研究チームは、すべての情報を持っていない場合でも自分が正しいと信じていることを「適切性の錯覚」と呼んでいます。

フレッチャーは、適切性の錯覚を次のように説明しています。「脳が知っていることが少ないほど、必要な情報はすべて知っているという自信が増します。これにより、必要な情報が不足しているにもかかわらず、決定に関する重要な事実をすべて把握していると思い込み、自信を持って結論を出し、断固たる判断を下す傾向があります。」

[関連:人々がソーシャルメディアでフェイクニュースを大量にシェアする本当の理由]

これらの発見は、素朴実在論の研究分野を補完するものでもあります。素朴実在論とは、個人の状況に対する主観的な理解が客観的な真実であるという信念です。素朴実在論の研究は通常、人々が同じ状況に対して異なる理解を持つことができる理由に焦点を当てています。しかし、情報の適切さの錯覚は、両者が十分な情報を持っている場合、人々は同じ理解を共有する可能性があることを示しています。

気が変わった?

研究チームは、参加者の中には、すべての事実を知った後、自分の決定について考えを変える意思のある者もいることを発見した。双方の意見を聞いた後の意見の割合は、対照群とほぼ同じで、約 55 パーセント対 45 パーセントだった。

「人々に、一見一致しているように見える情報をいくつか与えれば、ほとんどの人は『それは正しいようだ』と言って、それに従うだろう」とフレッチャー氏は言う。

タイミングも役割を果たします。主な注意点は、研究対象者が最近形成された意見について考えを変えたことです。これらは深く根付いた考えではありませんでした。たとえば、この研究グループが死刑を中心に実施した 2 番目の研究は中止されました。

フレッチャー氏によると、誰かと意見が異なるときに情報の適切性という幻想と戦う最善の方法の 1 つは、立ち止まって「相手の視点を理解し、相手の立場をよりよく理解するのに役立つ何か見逃していることはないだろうか」と自問することです。

「これにより、不必要な対人関係の対立を排除し、自分と他人との間の実質的な違いを解決することにエネルギーを集中できるようになります」とフレッチャー氏は言います。

<<:  ビルマニシキヘビ狩りは暗闇で行うのがベスト

>>:  ダ・ヴィンチは正しかった:イタリアの城で秘密のトンネルが発見される

推薦する

奇妙な食虫植物は超効率的なゲノムを持っている

ヒメウナギツカミは、その名前と同じくらい奇妙な花です。
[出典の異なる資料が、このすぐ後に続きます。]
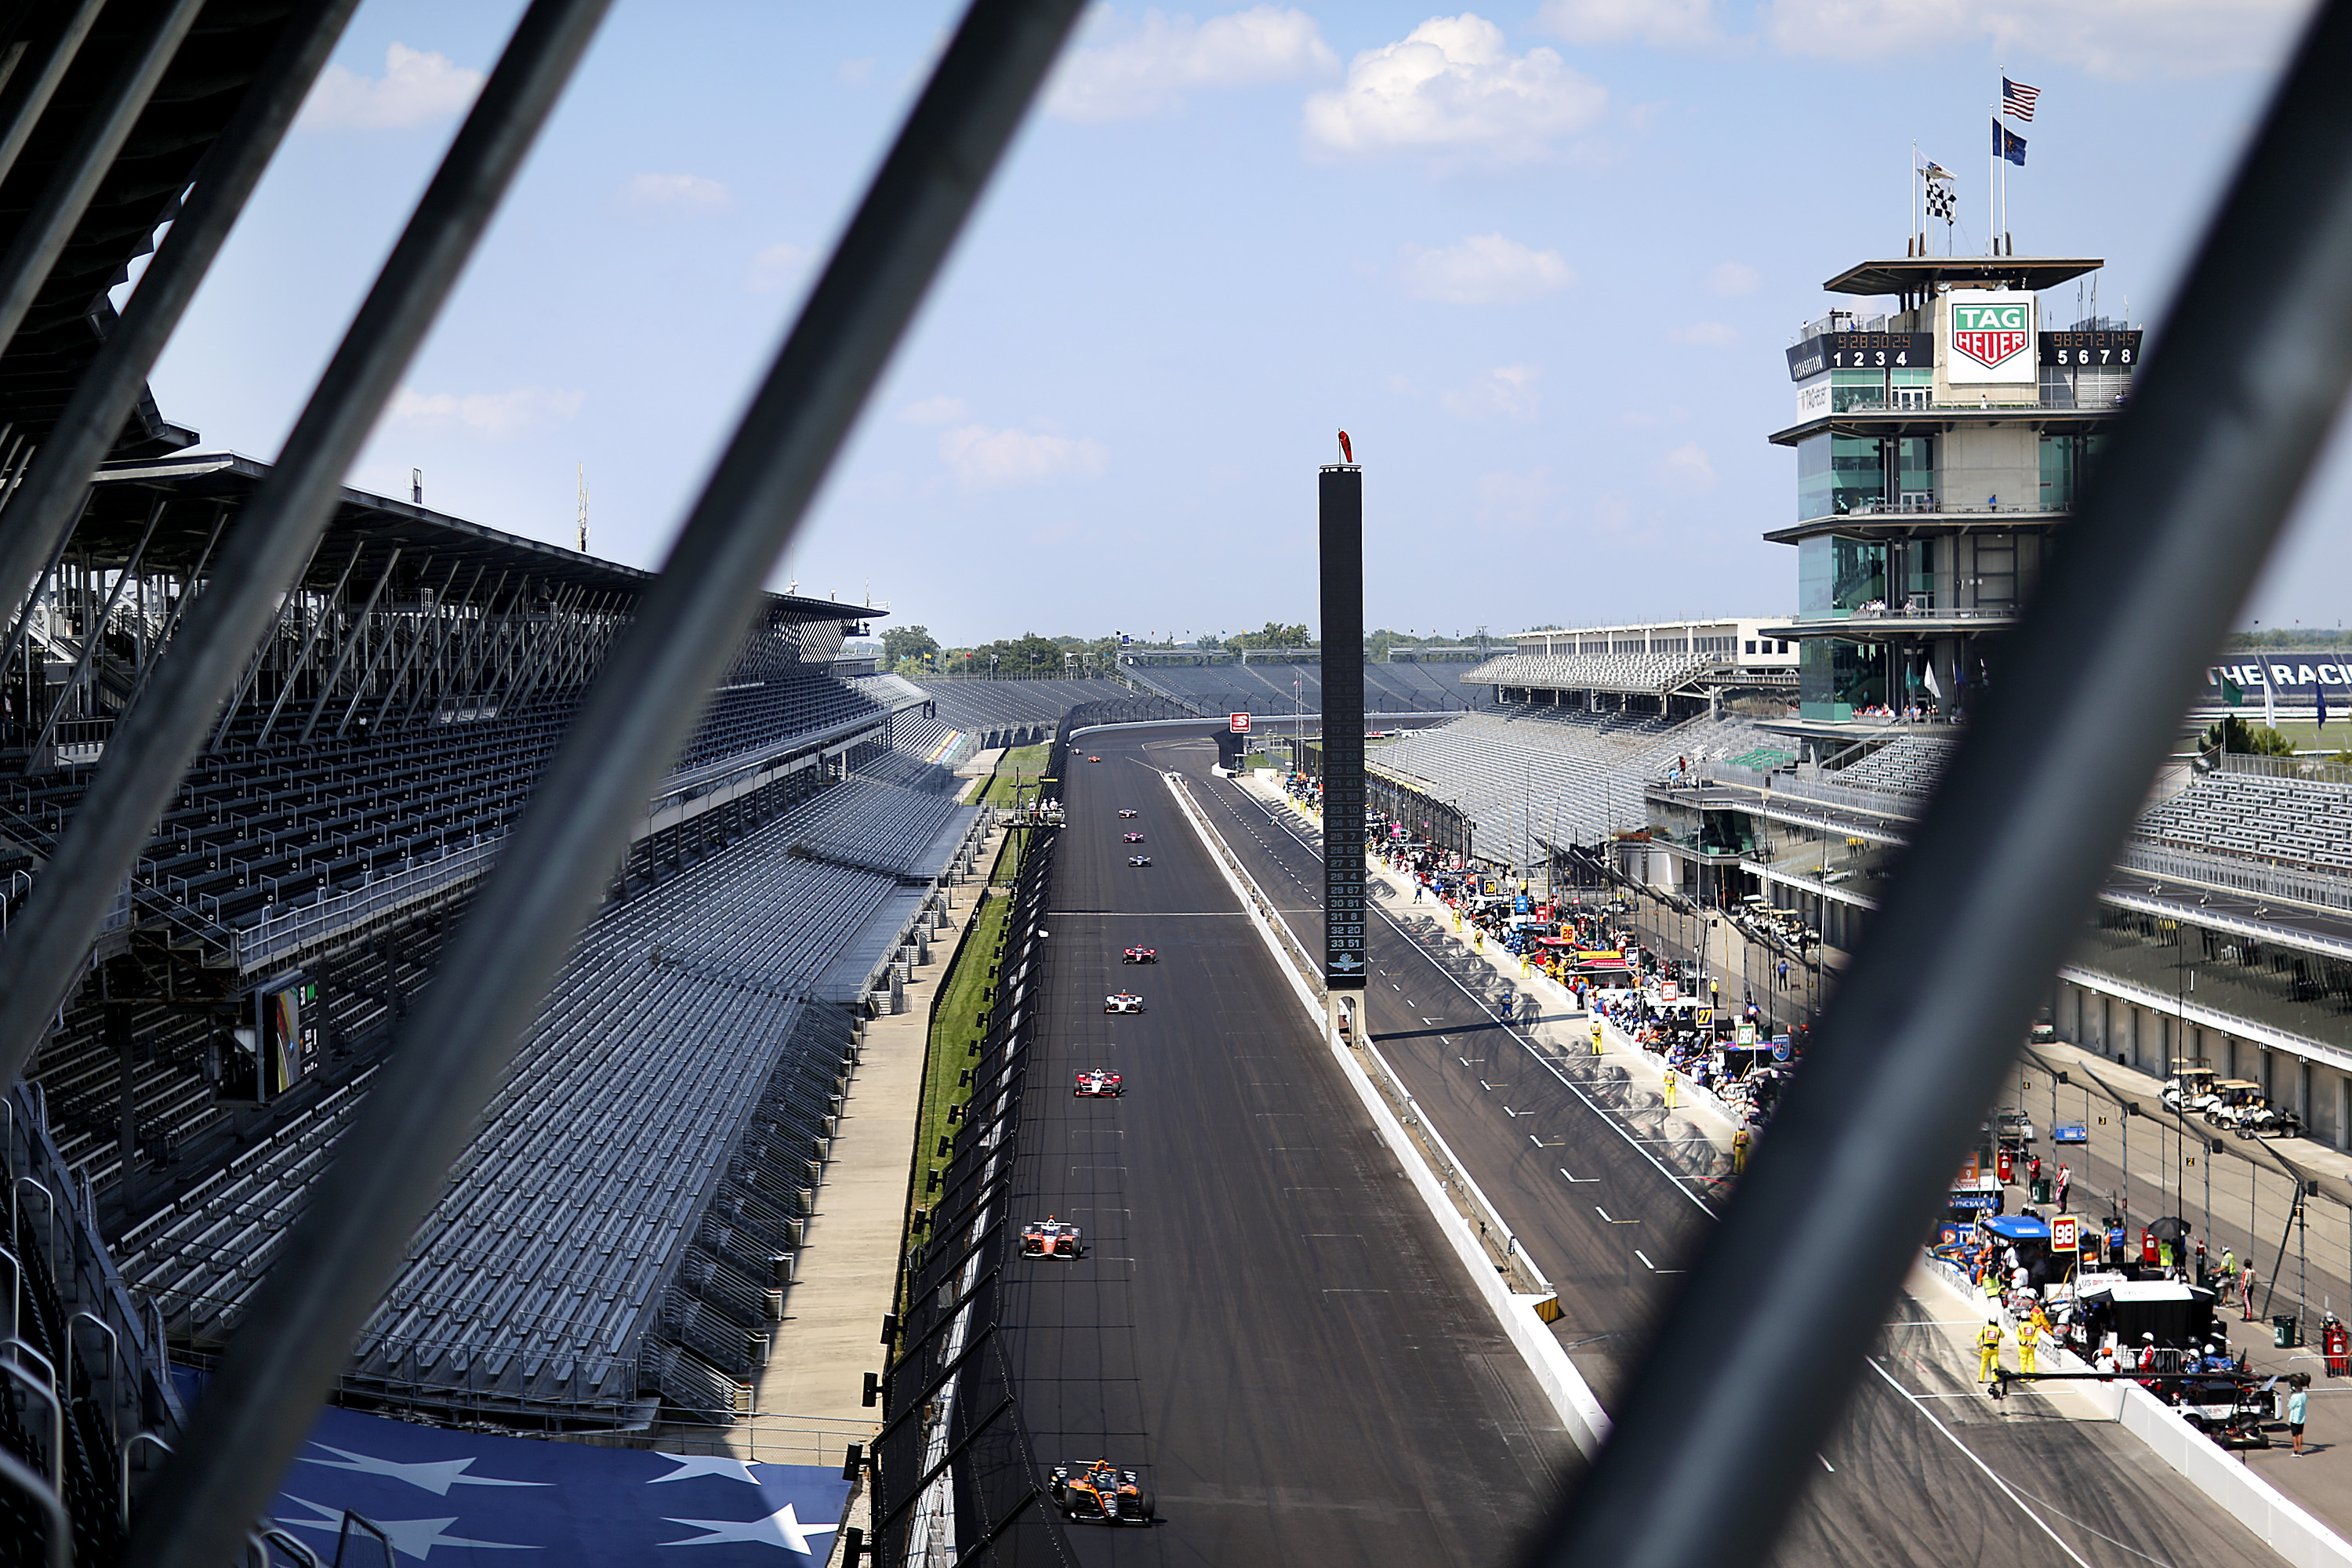 A general view of the race during the 104th running of the Indianapolis 500 at Indianapolis Motor Speedway on August 23, 2020 in Indianapolis, Indiana.

浅瀬に敷き詰めて生育し、本当の根はなく、水中に...

NASAは、新しい巨大ロケットの最初の打ち上げに宇宙飛行士を乗せたいと考えている。

Twitter では、NASA がスペース ローンチ システムのスケジュールを変更しているという噂...

参考までに: 海の泡とは何ですか? どこから来るのですか?

今年 9 月にニューヨーク州クイーンズで竜巻が上陸するほんの数時間前、私はロッカウェイズのビーチでく...

アイスランドの火山が2か月で3度目の噴火

アイスランド南西部の新たな活火山が2月8日木曜日に再び噴火した。これは、約3万1000人の住民が住み...

火星へ飛ぶオリオン宇宙船の内部を覗いてみよう

人類が計画している火星への旅の長さは、そこまで飛行するのにかかる約6か月よりもはるかに長くなります。...

世界最古の機械式コンピューターは、太陰暦を使って星を研究した

研究者たちは、統計分析、時空の波紋を調べる技術、そしてホリデーシーズンのちょっとした空き時間などを組...

物まねをしようとすると脳内で何が起こるか

認知神経科学ジャーナルの最近の研究によると、科学者たちは、私たちが外国のアクセントを真似したり、他の...

何でも聞いてください: 人間は恐怖を嗅ぎ分けられるのでしょうか?

もし人間が恐怖を嗅ぎ分けられるのなら、動物界では珍しいことではないだろう。イソギンチャク、ミミズ、小...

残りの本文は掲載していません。